The objection asserts, “The Debtors’ Motion contains only conclusory statements about the substance of the asset purchase agreement presented to this Court and little discussion about the sale process. Specifically, the Motion fails to disclose what contracts will be assumed or how many employees of the Debtors will be hired by the proposed purchaser.  In addition, in its perfunctory recitation, the Motion fails to disclose certain troublesome facts about the sale process including: (i) that the Debtors threatened to shut down the Orion RCM Business immediately upon the commencement of the chapter 11 cases until the Objectors indicated that they would make a separate bid to purchase the Orion RCM Business; (ii) that the Debtors did not solicit uniform bids on the assets that they intended to sell and therefore, did not obtain the highest proposal to serve as the stalking horse; (iii) that the Debtors led at least the Objectors to believe that they would file chapter 11 cases for the NYNM-related assets which they never did file; and (iv) that the Debtors failed to disclose the existence of the executed letter of intent while inducing the Objectors to continue to expend resources with no apparent intention of continuing negotiations in good faith.

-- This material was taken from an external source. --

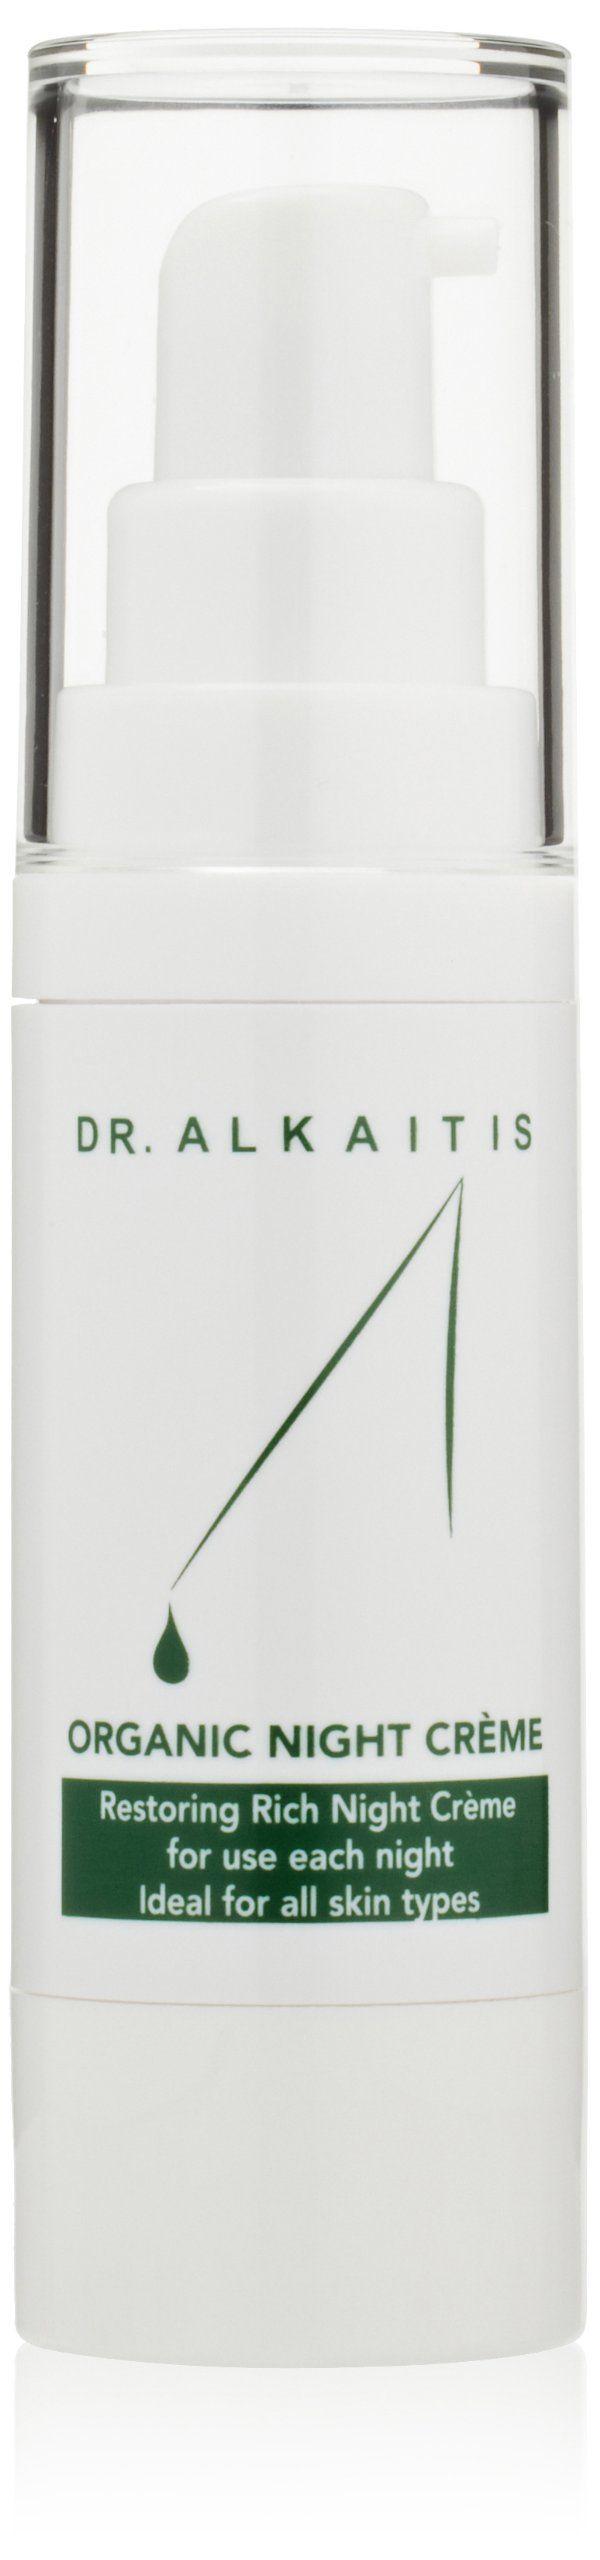 DR. ALKAITIS Organic Night Crème, 1 fl. oz.

Without providing any of that information to the Court or an affidavit describing the process in any detail, the Debtors nevertheless conclude that the offer set forth in the Motion is both the ‘highest and best’ proposal received….Indeed, it appears from the Motion that the Debtors misled the Objectors regarding bidding process and the selection of the stalking horse. While the Motion indicates that on April 10, 2018, the Debtors received a letter of intent from the proposed purchaser for the Debtors’ assets, the Motion fails to note that the Debtors never advised the Objectors that the Debtors had decided to sell only the Debtors’ assets, and not the assets of the NYNM business as well.  In fact, they failed to share this information even while the Objectors, their representatives, and the Debtors’ representatives all participated in an in-person meeting at the offices of Debtors’ counsel as late as April 25, 2018. Moreover, as a result of that meeting, the Debtors’ representatives induced the Objectors to prepare a further draft of an asset purchase agreement that included the NYNM assets that the Debtors apparently had no intention to sell. Had the Debtors’ representatives merely indicated that they would only sell the Debtors’ assets, the Objectors could have submitted this bid earlier and generated a higher and better offer for the benefit of the Debtors’ estate that the Objectors have submitted now.”